Stow is famous for its fairs - it's said that 20,000 sheep could change hands in a day here in the 19th century - and the town's annual horse fairs continue twice a year. The farmers' markets are held in The Square on the second Thursday of the month, with two a month in the summer. These days Stow's foodie credentials are growing to rival its famed antiques shops and galleries, with national newspaper critics dropping by to sample what's on offer.
Most noted for... being the highest town in the Cotswolds. There again, 'wold' means high, open land or moor. At 800ft above sea level, Stow is also one of the area's windiest towns, and inspired the saying 'Stow-on-the-Wold where the wind doth blow cold'.
While you're here... take a selfie by the stocks on the Market Square and take a look at the Market Cross, which was put up to remind stallholders and traders to deal honestly.
But try not to... delve too deeply into the town's Civil War history. It's rumoured that so much blood was spilled during the Battle of Stow-on-the-Wold that ducks bathed in it - hence the town's Digbeth Street, meaning 'ducks' bath'.
Jeremy Clarkson filmed his Top Gear review of the Ford F-Series in Stow and 'The Stig' is rumoured to be a Stow-based professional test driver.
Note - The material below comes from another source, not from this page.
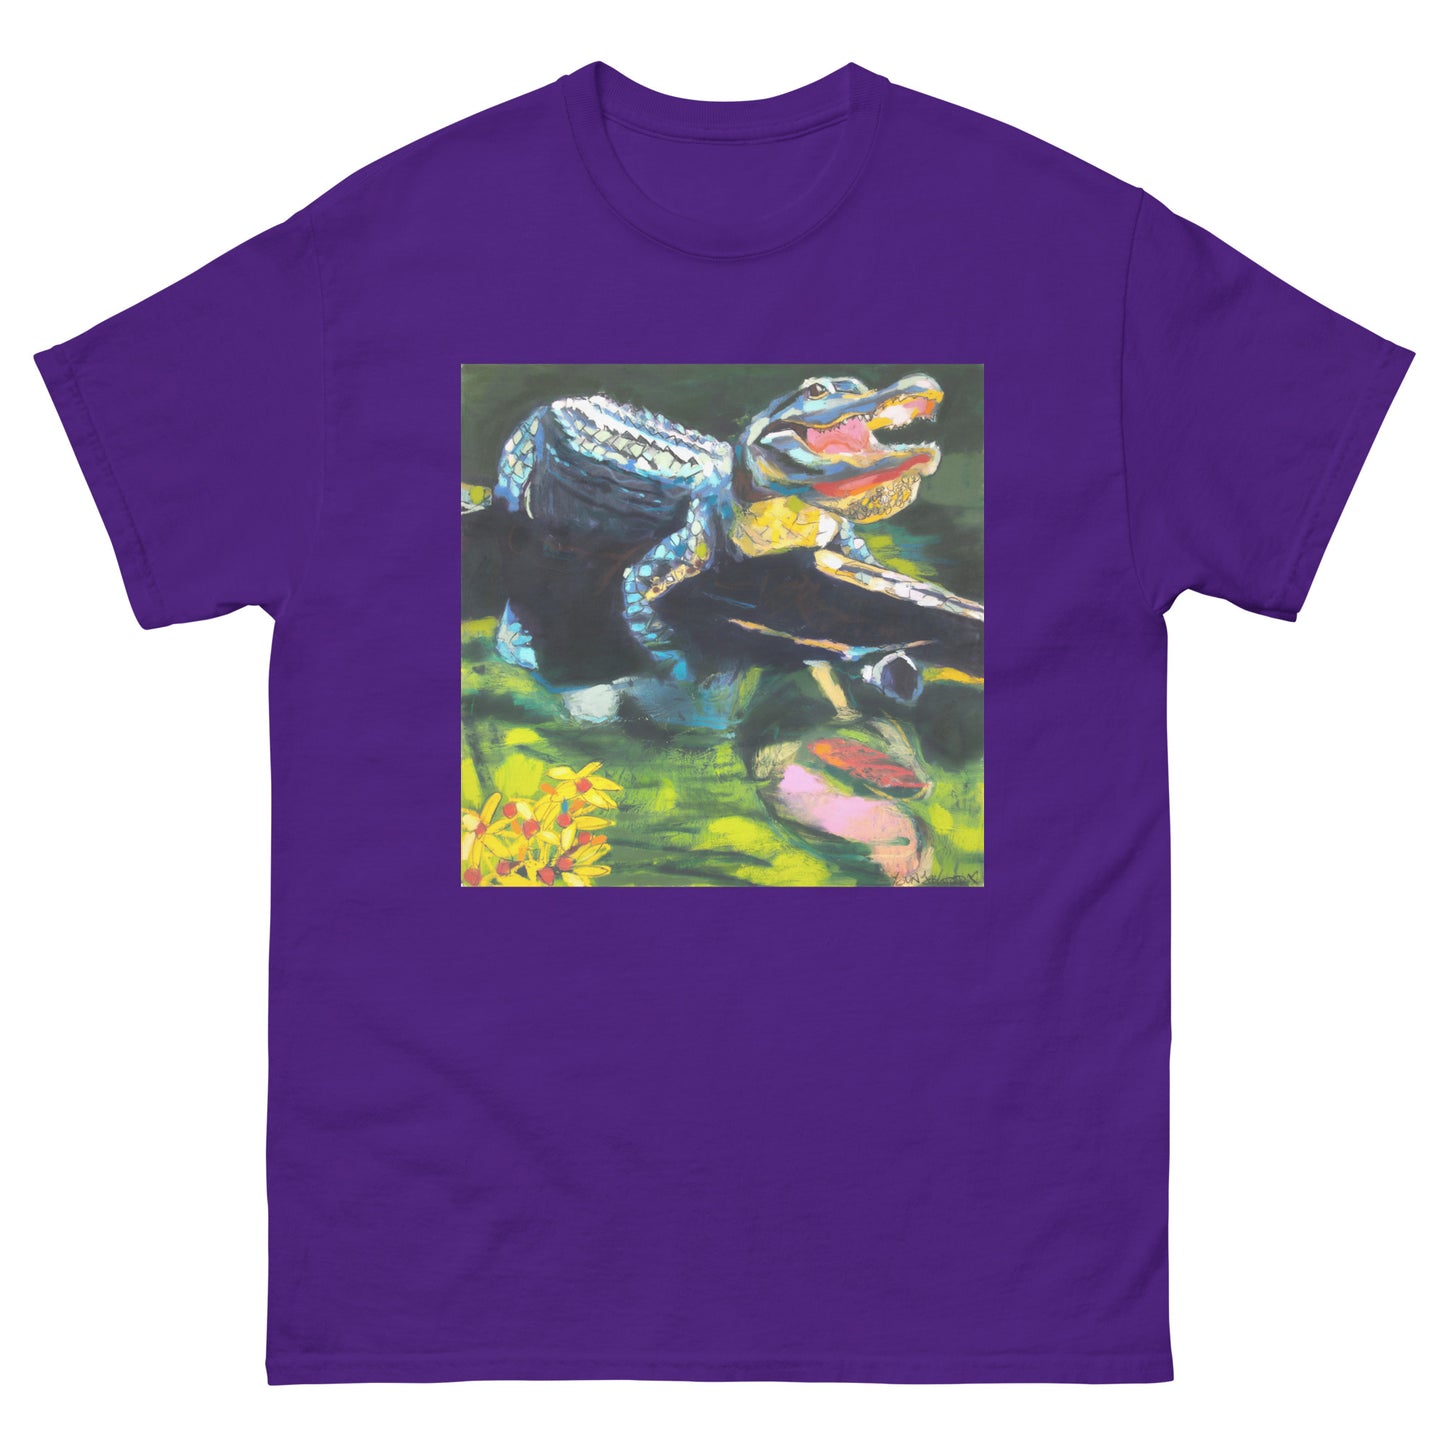 Square Gator with Wildflowers Unisex classic tee

Former racehorse trainer David Loder was born in the town, and John Entwistle, bass guitarist of The Who, lived in a Victorian gothic rectory just south of the town. His funeral was held at St Edward's.
St Edward's Church
St Edward's boasts the heaviest peel of bells in Gloucestershire and was constructed overlooking Stow's market square between the 11th and 15th centuries. Two ancient yew trees planted either side of the north door have become part of the building's fabric and lend it an other-worldy appearance. St Edward's namesake suffered misfortunes that sound like an episode of Game of Thrones. A teenage Saxon king, Edward the Martyr was murdered by his stepmother as part of a grisly plot to take the crown.
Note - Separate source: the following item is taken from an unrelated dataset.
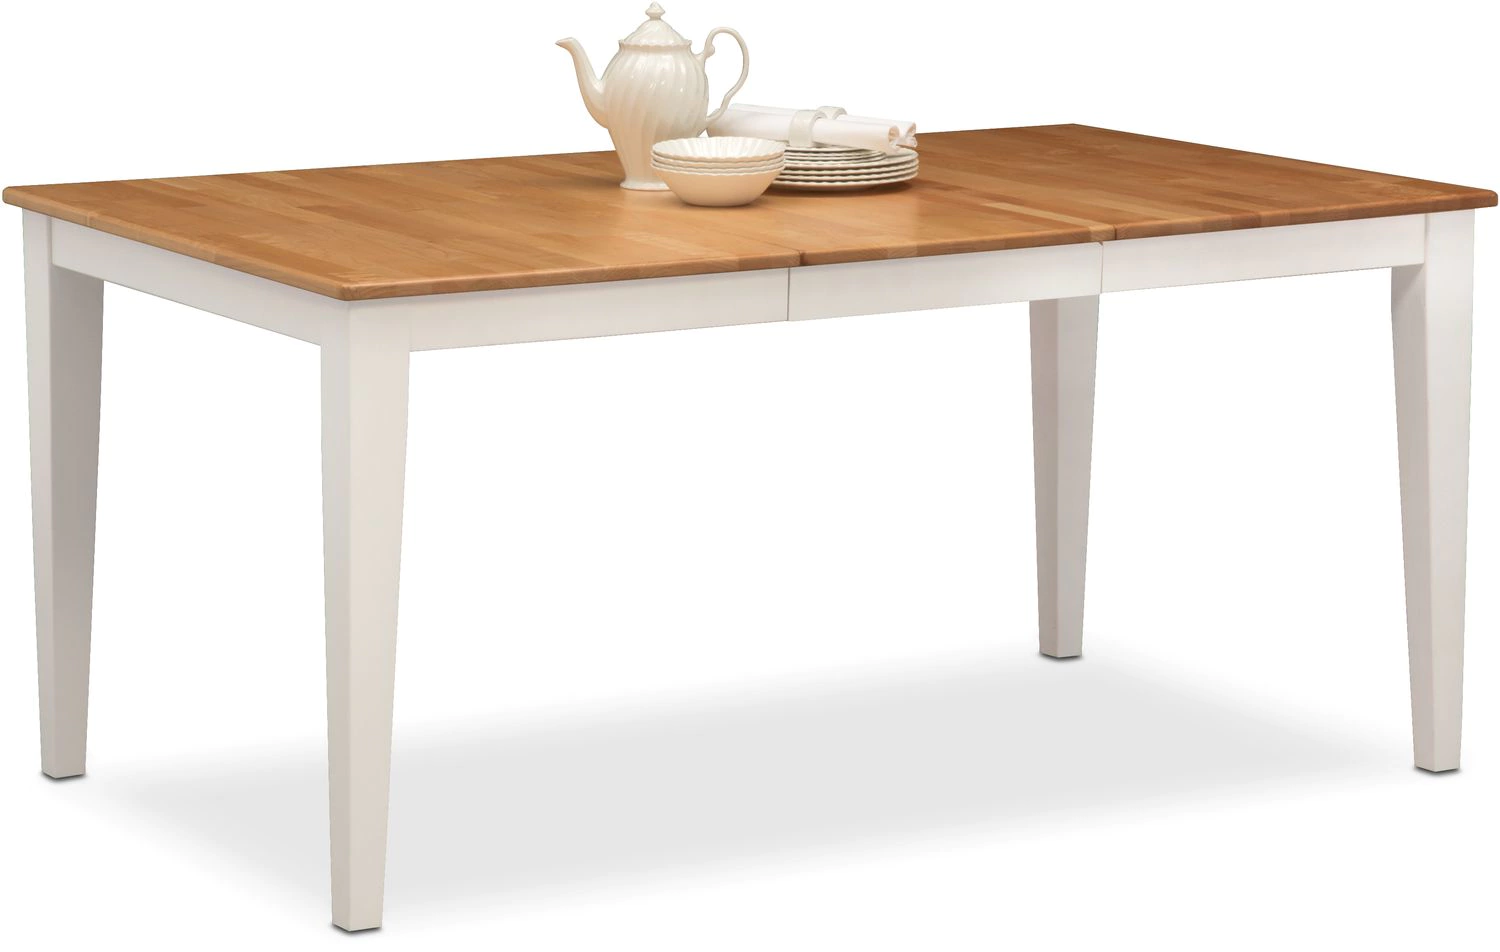 nantucket table maple and white value city furniture mattresses room essentials accent click change solid wood entry lobby chairs ikea lounge inch round end small console mirrored

A monument to Sir Hastings Keyte, a Royalist captain killed at the battle, can be found inside the church, along with a leather-bound book detailing the histories of the 59 men lost in the world wars. In the churchyard, the Civil War dead are still honoured by flowers placed at the memorial stone.
Stow Town Trail
Follow the Stow Town Trail through honey-coloured streets as you take in all this lovely town has to offer. The trail provides an insight into the stories behind the town's oldest buildings, and the origins of the narrow stone alleyways (known locally as tures) that were traditionally used for directing the sheep going to the fair and markets. Buildings of interest include the Toll House, Porch House and Fleece Alley.
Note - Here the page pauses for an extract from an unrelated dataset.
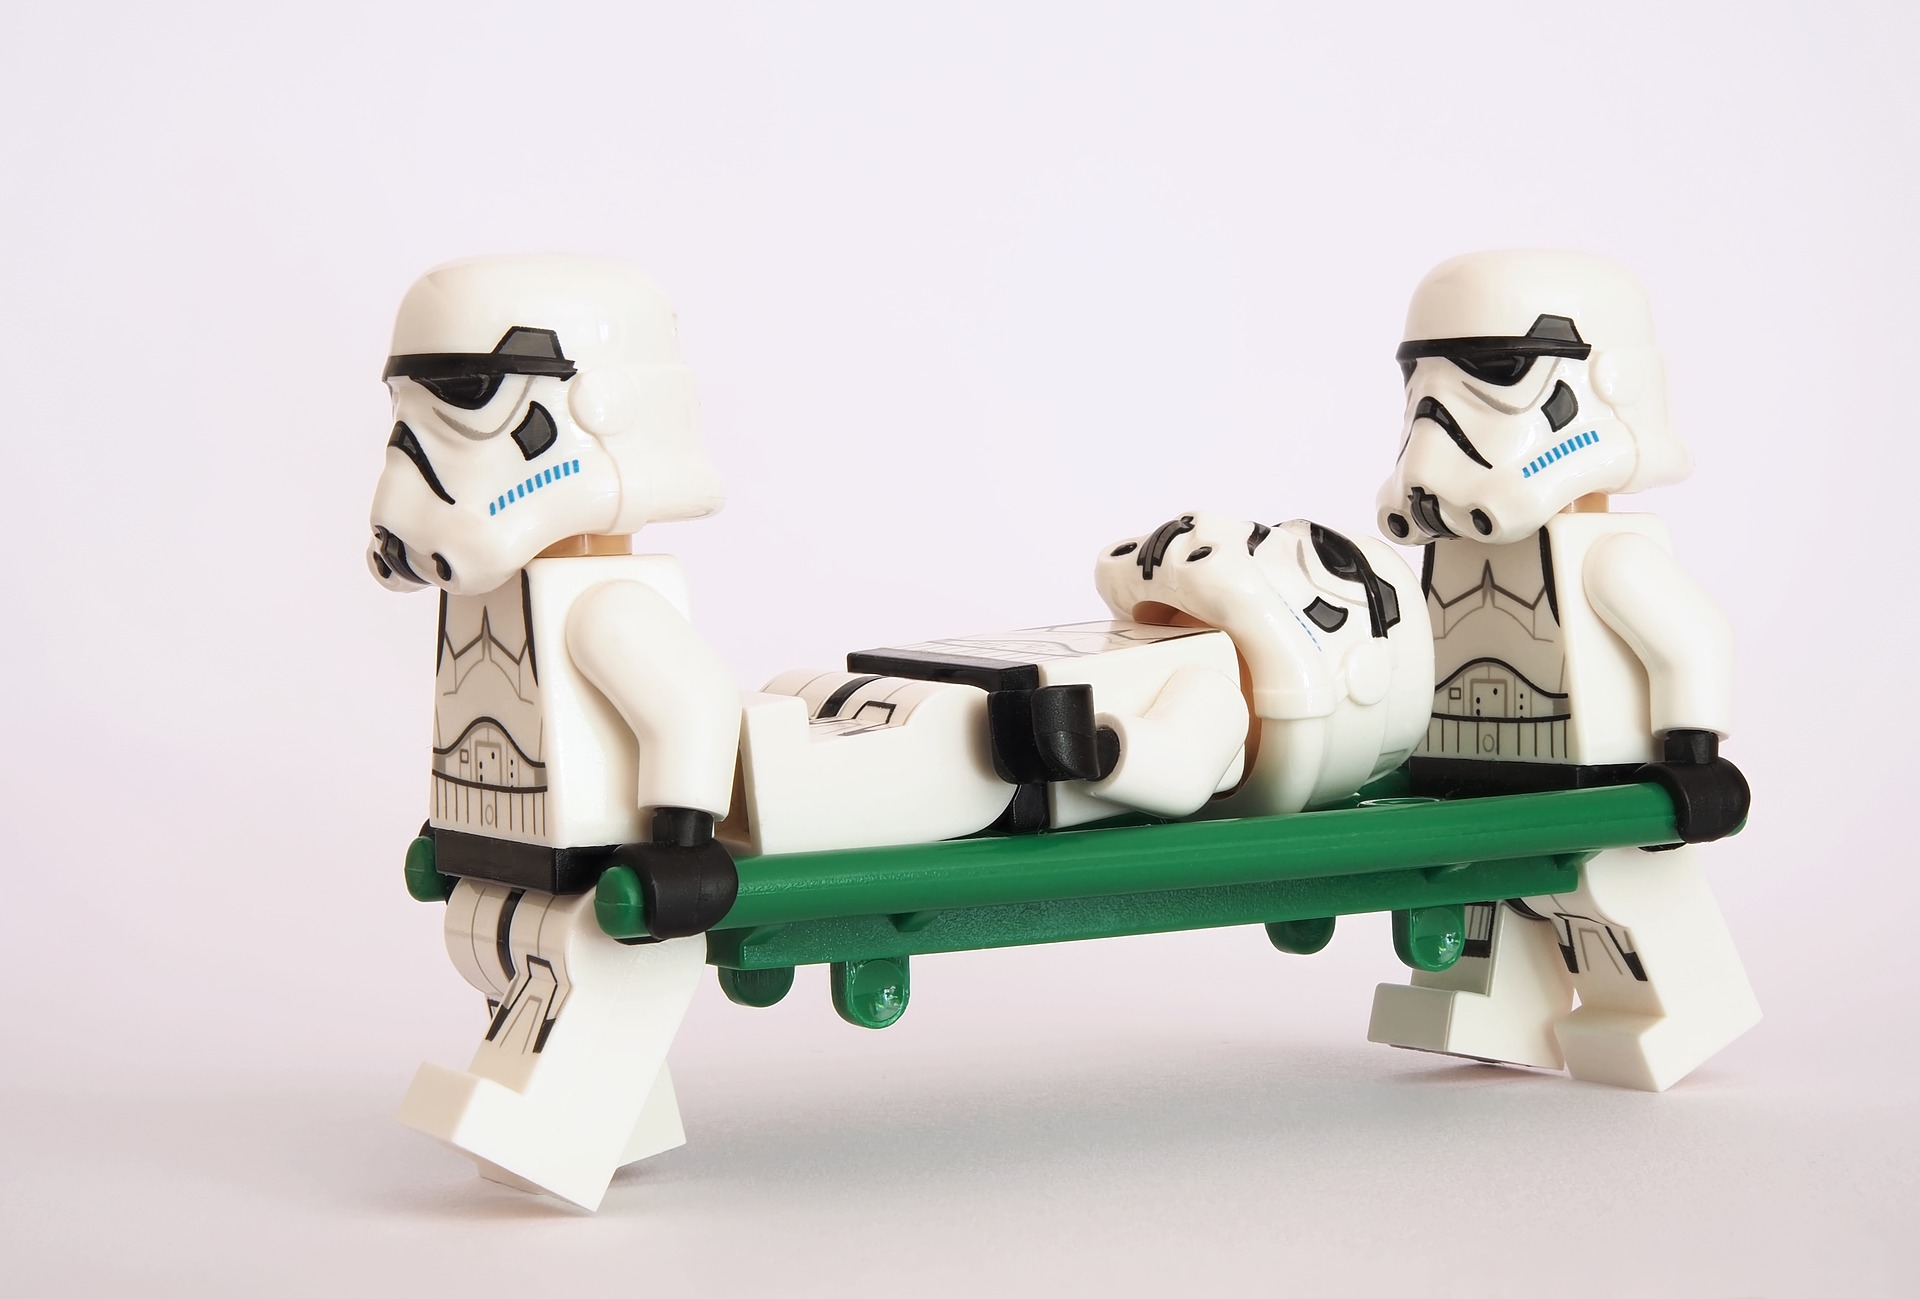 Two Star Wars LEGO characters (storm troopers) carrying a third character on a hospital stretcher

Find out more about Stow's heritage at this biennial summer festival, scheduled for July 20, 2019. The event alternates with the Stow motor show.
Move here for...
And get: A completely renovated 18th century Regency Grade II-listed townhouse, with two bedrooms, first floor sitting room, stylish kitchen and cellar.
Eat at: The Old Butchers
Why? With a nose-to-tail ethos of minimal waste whatever the ingredient, the menu leans towards fish and seafood, with delicious vegetarian dishes besides.
Drink at: The Queen's Head
Why? It's an old-fashioned 17th century hostelry boasting Donnington Brewery ales, unpretentious, traditional food, a courtyard garden for the summer months and a log burner for winter warmth.
Stay at: The Old Stocks Inn
Why? Since its refurbishment in 2015, this boutique hotel on The Square has mixed Insta-worthy Scandi-meets-Shoreditch décor to the 17th century building and created a good bar (and cocktails), pizza oven in the garden, and a quirky café to boot.